Malignant tumor of the retinal pigment epithelium with extraocular extension in a phthisical eye

Abstract

Background: Malignant tumors of the retinal pigment epithelium (RPE) are exceedingly rare. We describe the histopathologic and immunohistochemical features of a RPE neoplasm that was found accidentally in a blind and painful phthisical eye.

Methods: The enucleated eye was investigated by light microscopy, and tumor tissue was also studied by electron microscopy. Immunohistochemistry was performed using antibodies against HMB-45, S-100 protein, NSE, cytokeratins, vimentin, desmin, GFAP, the HNK-1 carbohydrate epitope and alpha-smooth muscle actin.

Results: The tumor was located mainly in the vitreous cavity with practically complete destruction of the retina, but foci of choroidal infiltration and extraocular extension along vascular channels were identified. The mitotic rate was high, and large areas of necrosis were present. No features of differentiation were seen, apart from occasional desmosome-like junctions and deposition of basal lamina at the ultrastructural level.
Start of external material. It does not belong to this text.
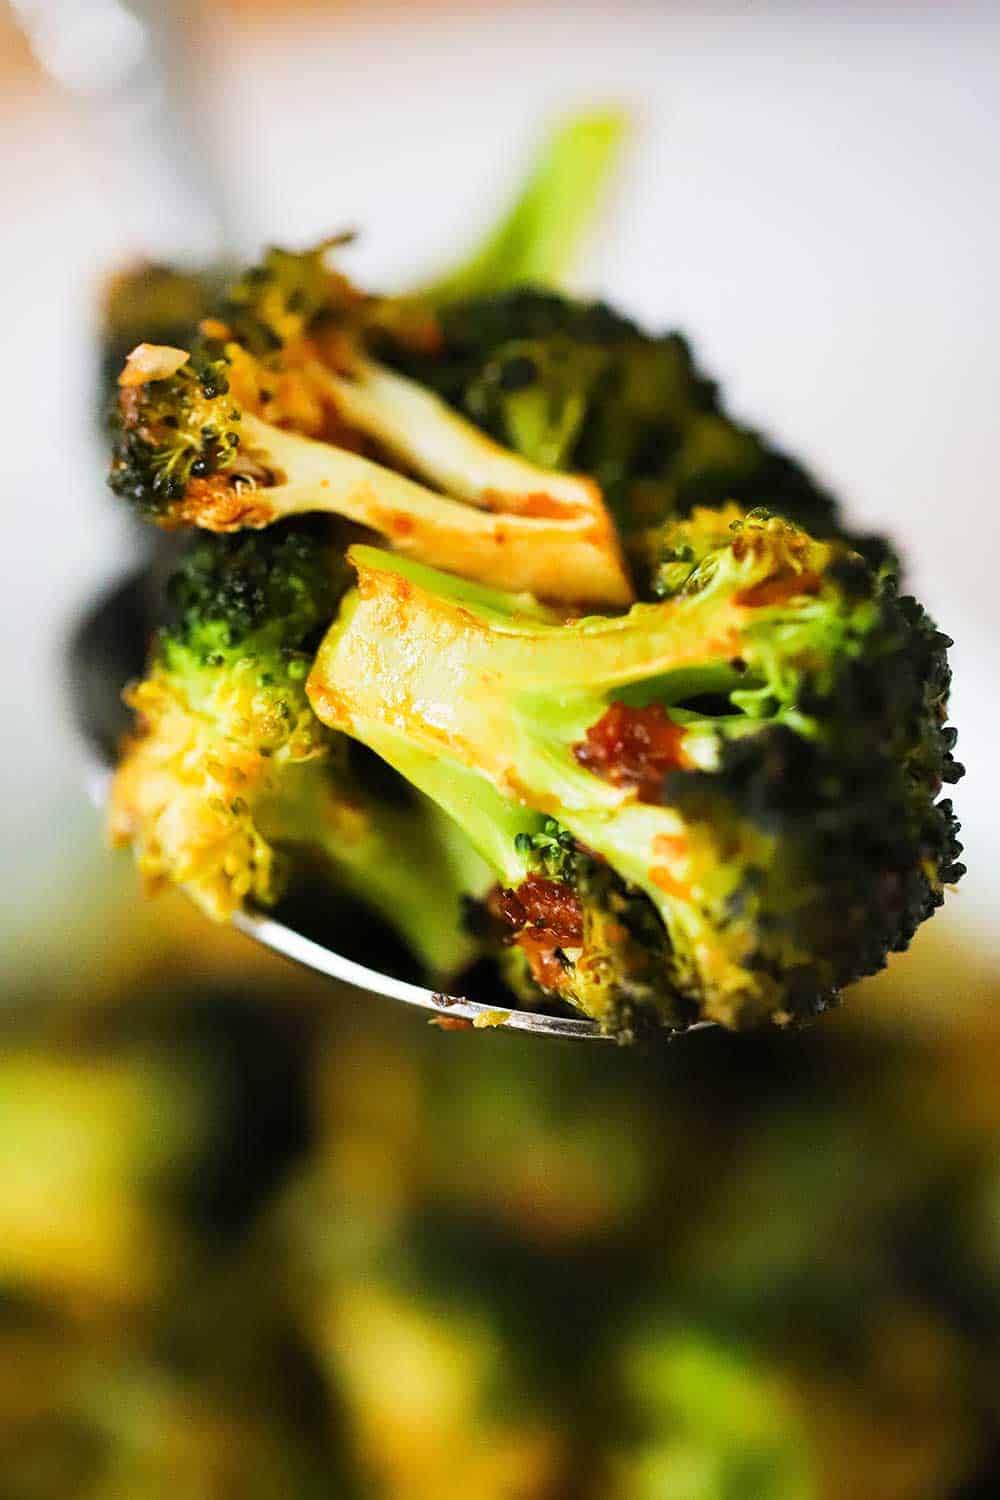 A large silver spoon holding up a helping of roasted broccoli with red pepper flakes on it.

Adjacent to the tumor, reactive hyperplasia and metaplasia of RPE cells was prominent. By immunohistochemistry, tumor cells revealed intense immunoreactivity with anti-vimentin and weak staining with anti-S-100 protein. The hyperplastic RPE cells also reacted for cytokeratins 8, 18 and 19 and for alpha-smooth muscle actin. At more than 1 year post enucleation the patient is well and shows no signs of recurrence or metastatic disease.

Conclusion: We present the features of a malignant tumor of the RPE with unequivocal extraocular extension. These findings raise the possibility that RPE hyperplasia may transform into a malignant tumor.